- TASK TO CARRY OUT
An exact copy of the data is required. No picture may appear in it.

- PROVIDED DATA
=-=-=-=-=

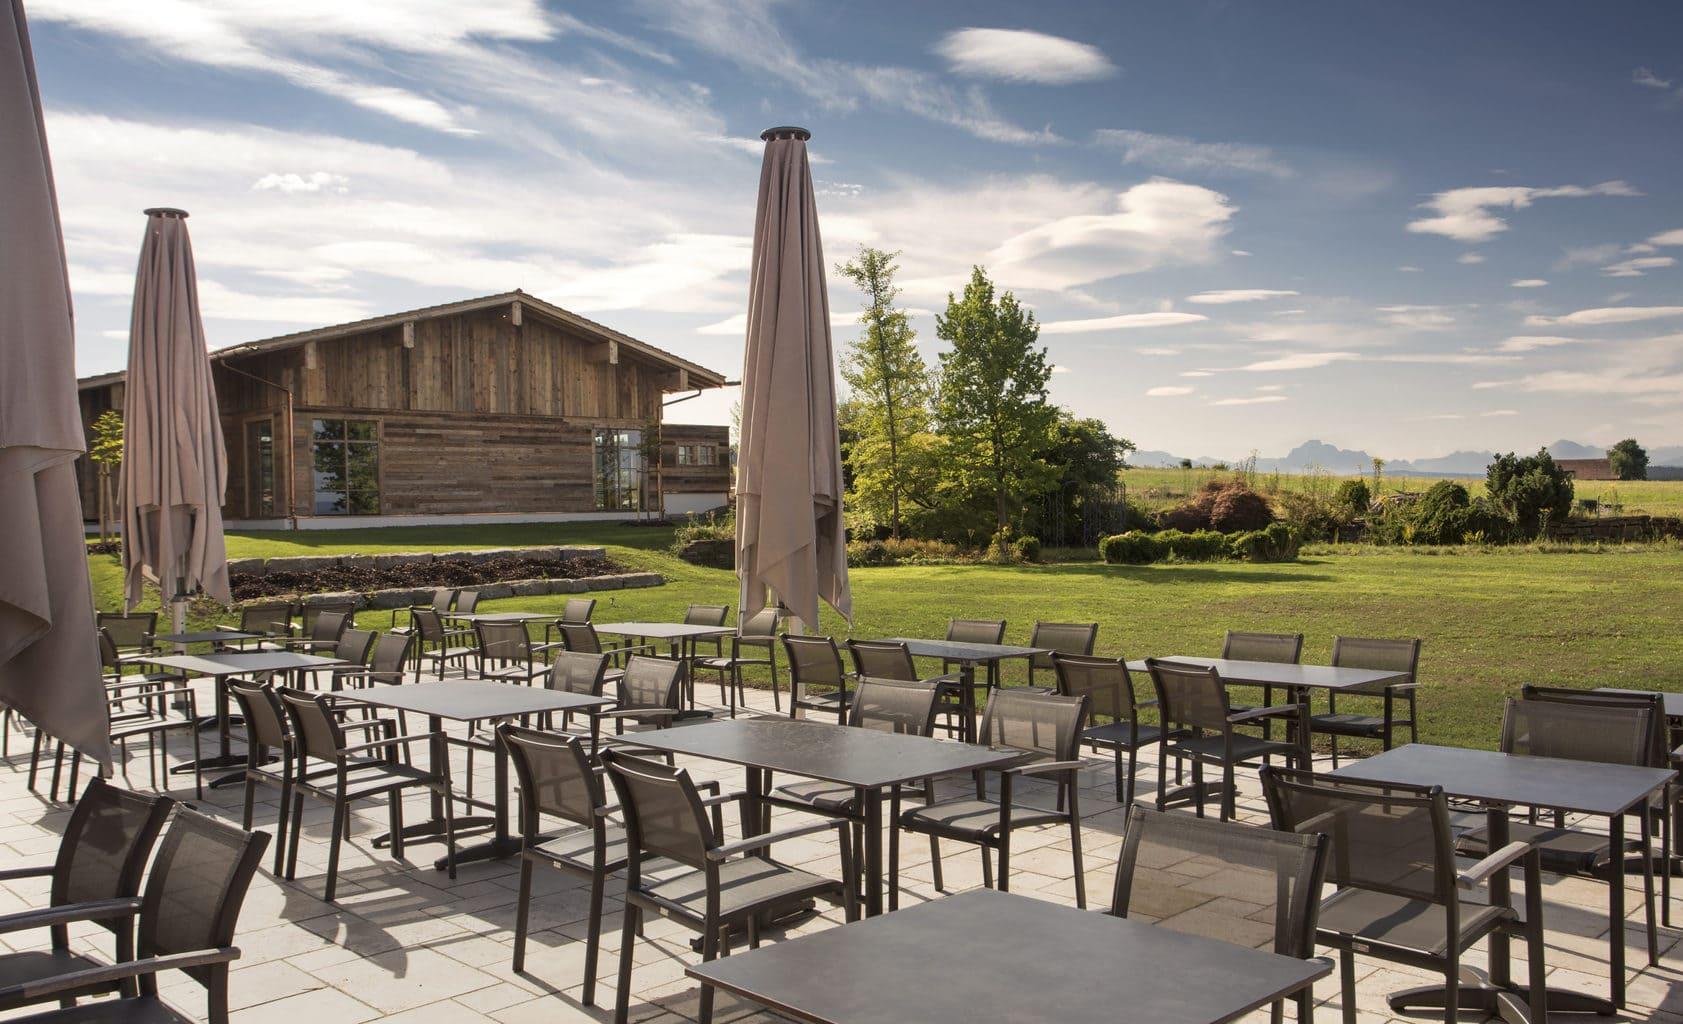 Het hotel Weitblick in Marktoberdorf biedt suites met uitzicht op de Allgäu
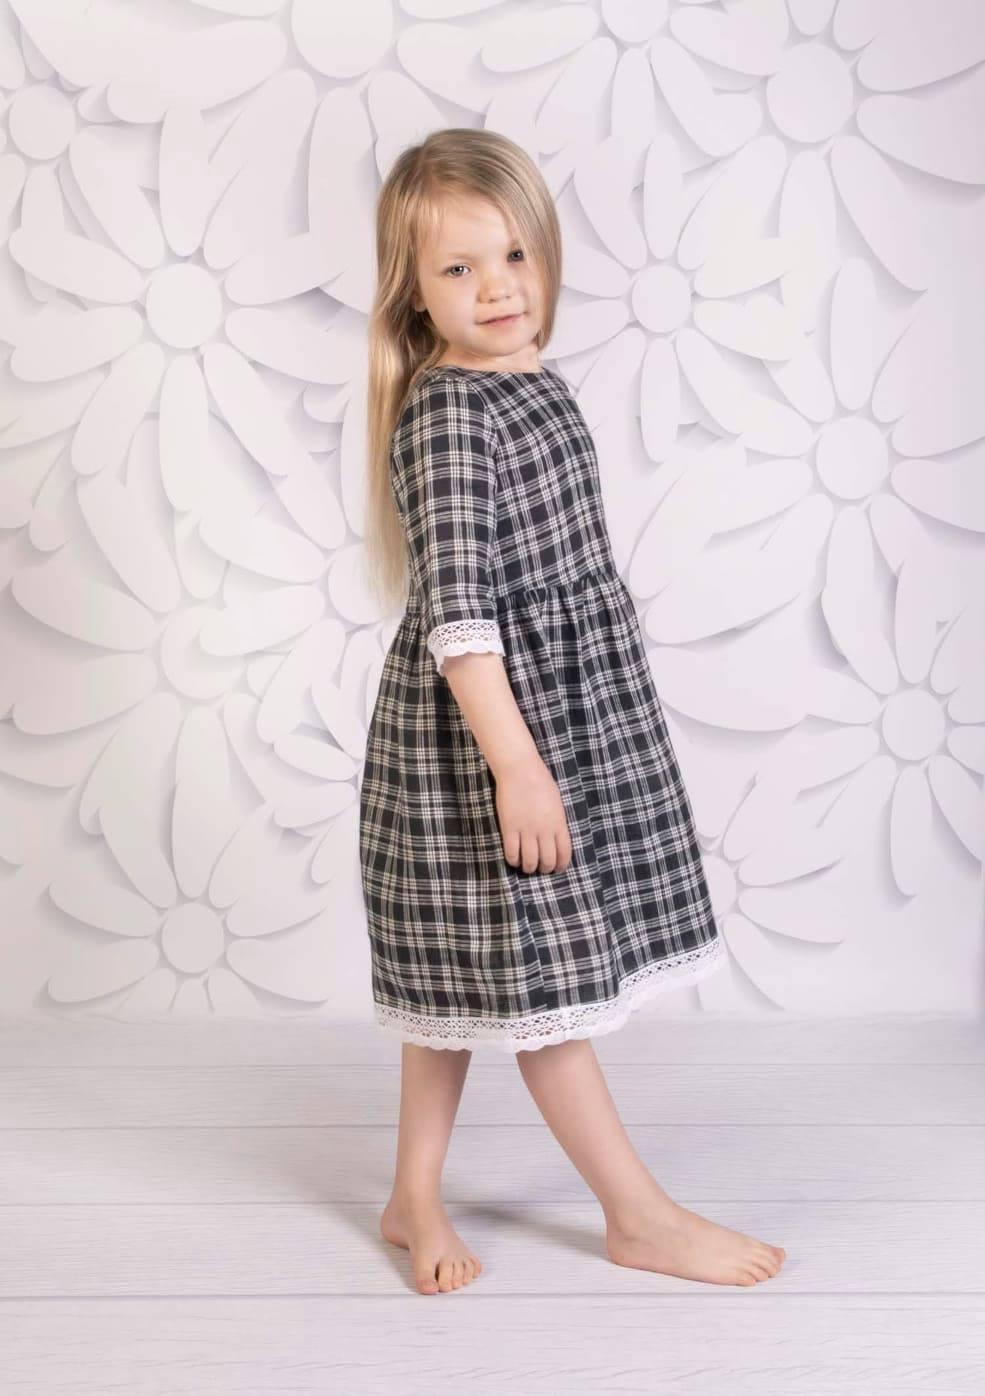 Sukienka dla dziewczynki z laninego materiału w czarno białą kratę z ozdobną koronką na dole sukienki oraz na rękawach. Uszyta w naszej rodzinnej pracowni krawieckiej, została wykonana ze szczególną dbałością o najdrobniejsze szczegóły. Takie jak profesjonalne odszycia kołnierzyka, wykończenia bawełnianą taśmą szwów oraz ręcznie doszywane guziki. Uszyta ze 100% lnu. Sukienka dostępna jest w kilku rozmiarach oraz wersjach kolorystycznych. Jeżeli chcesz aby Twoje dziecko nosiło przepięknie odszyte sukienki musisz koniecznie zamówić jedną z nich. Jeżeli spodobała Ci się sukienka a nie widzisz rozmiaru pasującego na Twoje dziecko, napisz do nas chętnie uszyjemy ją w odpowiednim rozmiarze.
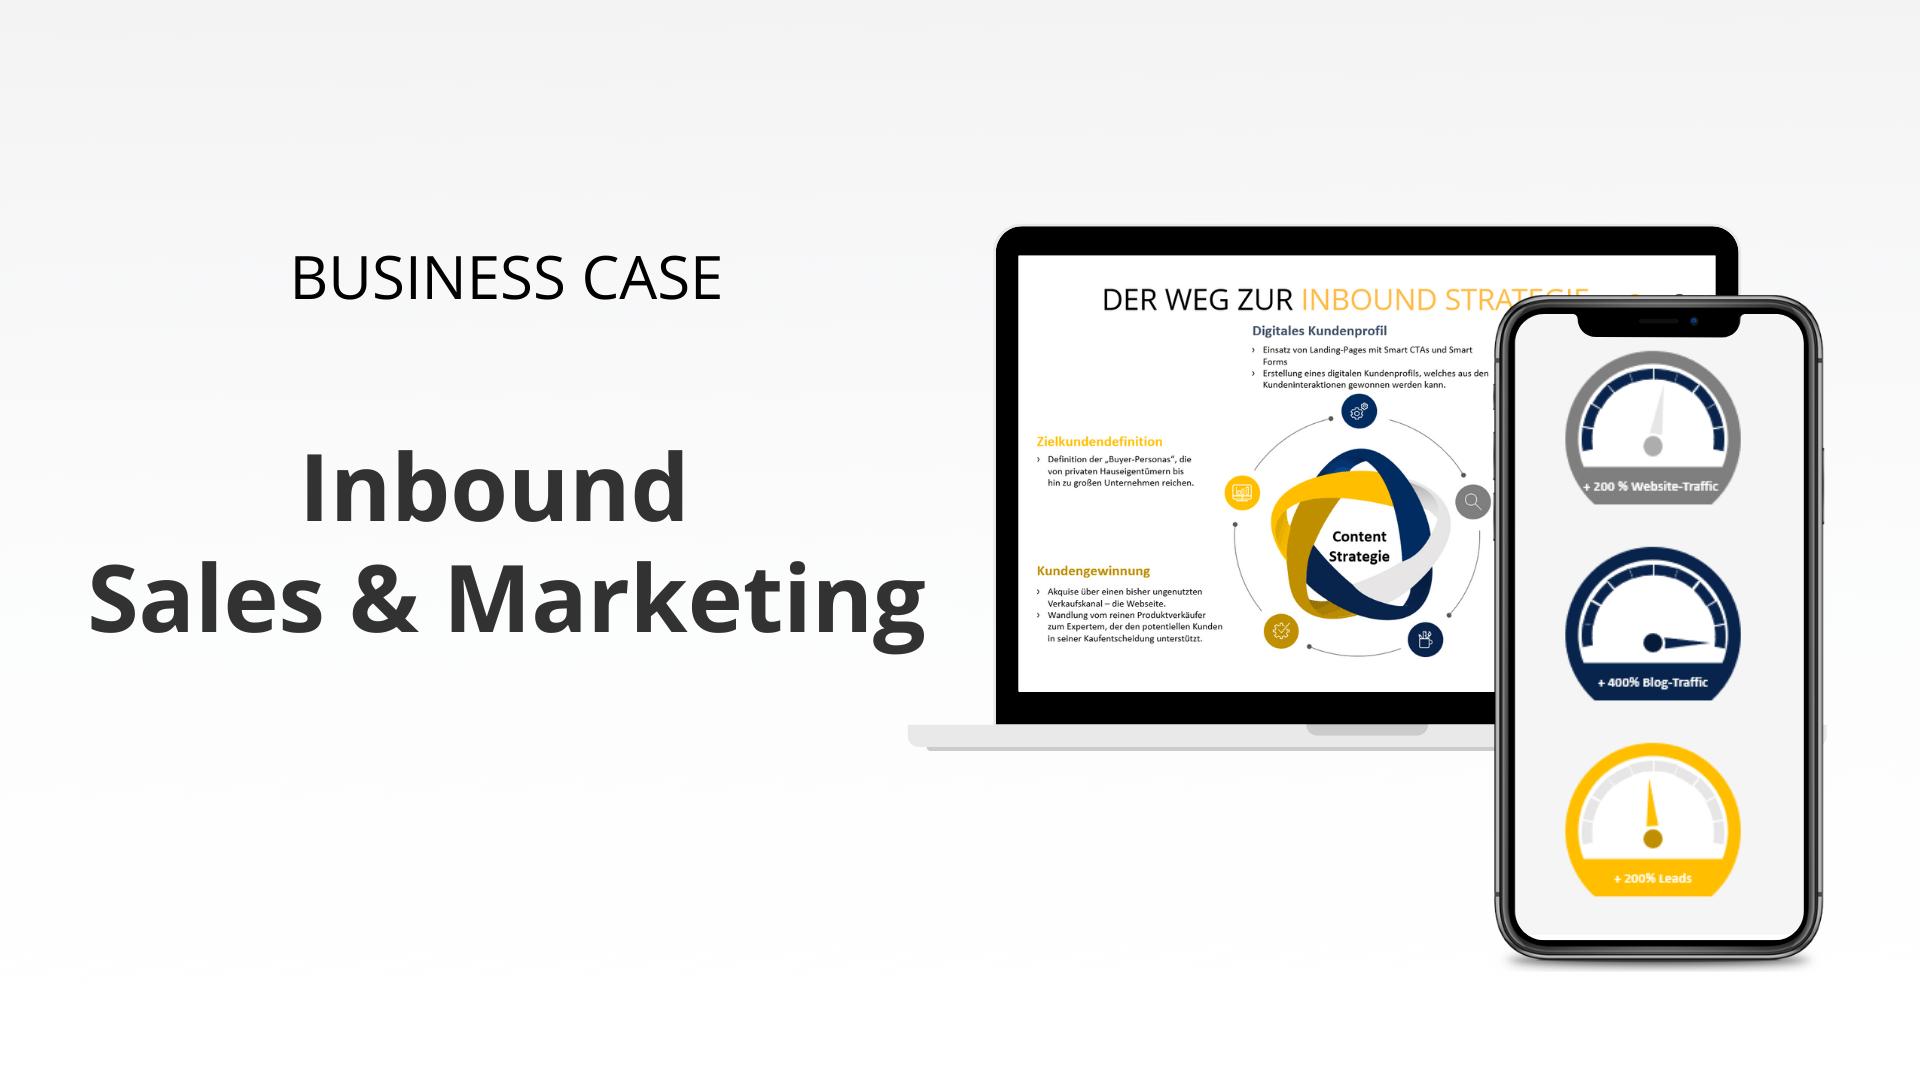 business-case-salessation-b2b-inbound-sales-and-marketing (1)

=-=-=-=-=

- TASK RESPONSE
 Het hotel Weitblick in Marktoberdorf biedt suites met uitzicht op de Allgäu
 Sukienka dla dziewczynki z laninego materiału w czarno białą kratę z ozdobną koronką na dole sukienki oraz na rękawach. Uszyta w naszej rodzinnej pracowni krawieckiej, została wykonana ze szczególną dbałością o najdrobniejsze szczegóły. Takie jak profesjonalne odszycia kołnierzyka, wykończenia bawełnianą taśmą szwów oraz ręcznie doszywane guziki. Uszyta ze 100% lnu. Sukienka dostępna jest w kilku rozmiarach oraz wersjach kolorystycznych. Jeżeli chcesz aby Twoje dziecko nosiło przepięknie odszyte sukienki musisz koniecznie zamówić jedną z nich. Jeżeli spodobała Ci się sukienka a nie widzisz rozmiaru pasującego na Twoje dziecko, napisz do nas chętnie uszyjemy ją w odpowiednim rozmiarze.
 business-case-salessation-b2b-inbound-sales-and-marketing (1)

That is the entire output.